Абстрактность улучшенных форм и составляет могущество европейской цивилизации, универсальность ее характера и всемирность ее стремлений, ею одерживает она все победы, даже и не стремясь к ним, невольно, против нее бессильны бороться другие культуры, или тая и претворяясь в формы этой цивилизации, или разбиваясь при встрече с нею. Народы, некогда столь же слабые, столь же грубые и темные, так же гибнувшие в борьбе с природою и между собою, как и другие, не захотели переносить своих страданий, как терпеливо переносили их те.
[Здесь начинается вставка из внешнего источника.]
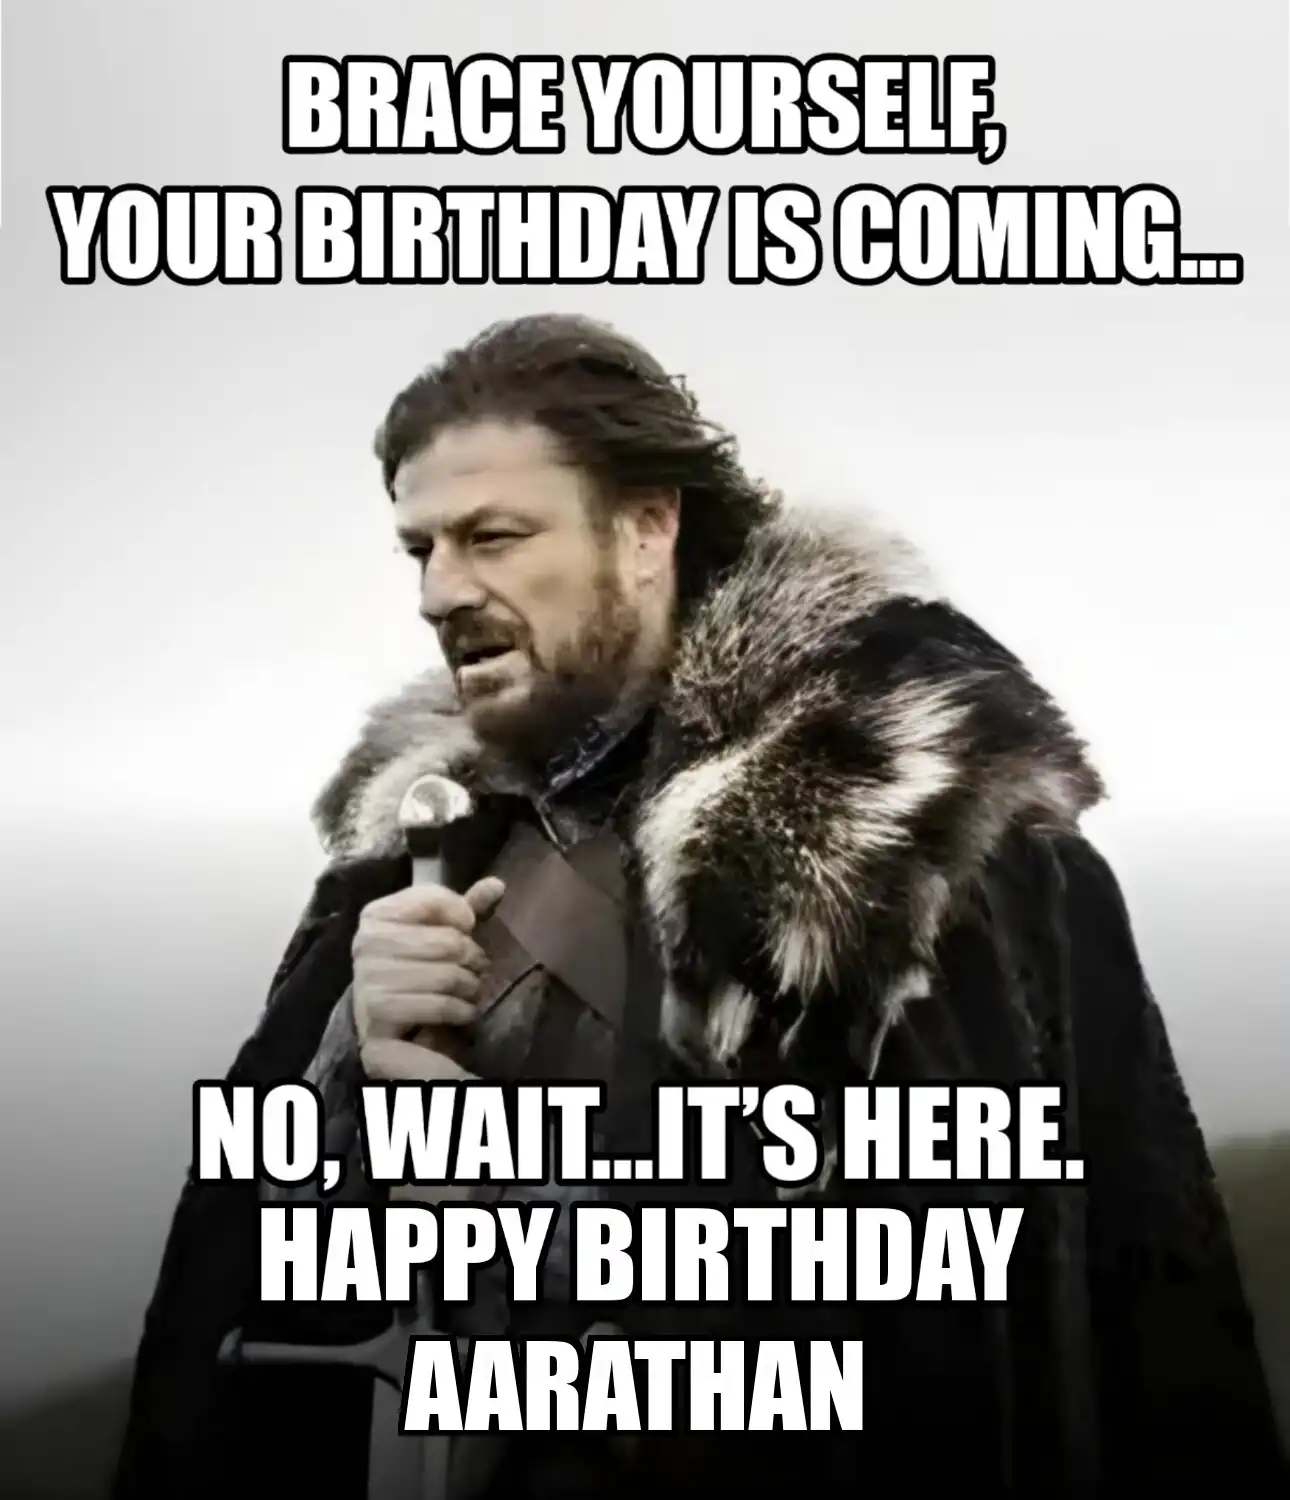 Happy Birthday Aarathan Brace Yourself Your Birthday Is Coming Meme

Более ярко, чем все другие, чувствовали они несправедливость — и не захотели мириться с нею, вдумывались в причины бедствий, которые наносила им природа, — и стали бороться с ними. Шаг за шагом, в течение полутора тысячелетий они переходили от улучшения к улучшению, все более преодолевая препятствия, все чаще научаясь достигать успеха. В неустанной борьбе силы их укрепились и ум их изощрился, все шире становилась их деятельность, желая прежде избежать только невыносимых страданий, они стали, наконец, думать о том, чтобы не переносить более и легких. От борьбы против частного, что губило их, от стремления к единичным целям они стали переходить к целям и заботам более общим. Изощрившаяся мысль послужила могучим средством для всего этого. Ничем не пренебрегали они, ни у кого не стыдились учиться, но ко всему прилагали свой труд и свою мысль — и все претворялось, как пища, в растущее тело их. Над чем не думали никогда люди — они задумались, чего не хотели они ни разу — эти народы захотели, и поняли они почти все, что доступно для человека, и достигли почти всего, чего он мог пожелать. Создались государства и удивительные учреждения в них, возникли стройные здания наук и чудный мир философии. И теперь, после стольких веков исторического труда, силы этой цивилизации так напряжены и так полны, что, кажется, что бы ни поставила она для себя целью, она успеет ее достигнуть, и никогда не устанет она в этом, потому что именно достигание составляет высшее ее наслаждение.
Вот почему прогресс, как улучшение, составляет сущность европейского развития, и европейскую цивилизацию можно определить как полноту улучшенных форм человеческого существования. Однако, кроме частного, эта цивилизация есть и нечто общее, и сверх того, что в ней все части улучшены, есть некоторый смысл в целом, составленном из этих частей. В высшей степени замечательно, что Европа сама не знает этого смысла, но не менее замечательно, что к нему именно — к этому общему — относится все недовольство, все смущение и порою ненависть и отвращение, которое она внушает собою. Отсюда вытекает неопределенность этого смущения, кажущаяся беспредметность этой ненависти, которая всегда представляется несправедливо-придирчивою, когда, пытаясь говорить для всех понятным языком, она обращается против чего-нибудь частного. Всегда может быть предложен вопрос: почему вы не боретесь против этого или того зла в формах политической борьбы, которая для вас открыта, или путем ученых трактатов, издавать которые вам никто не мешает? Отсюда же — тот замечательный факт, что не политические и общественные деятели, видящие наибольшее количество еще не исправленных зол, выказывают недовольство европейскою цивилизацией, но поэты и философы. Первые всегда обращены к частному и не чувствуют общего, и, как ни много зла предстоит им улучшить — зная, как в европейской истории ничто из частного никогда не было непреодолимо, — они любят эту историю и созданную ею цивилизацию: на нее одну надеются, готовы простить все и примириться со всем, кроме как с восстанием против нее или даже простым ее осуждением. Напротив, мыслители и поэты, которые наиболее слабо чувствуют частное, но зато наиболее глубоко связаны с общим и (как все признают это) наиболее чутки и проницательны изо всех людей, — непреодолимо и безотчетно отвращаются от того, что так ценят и любят практики.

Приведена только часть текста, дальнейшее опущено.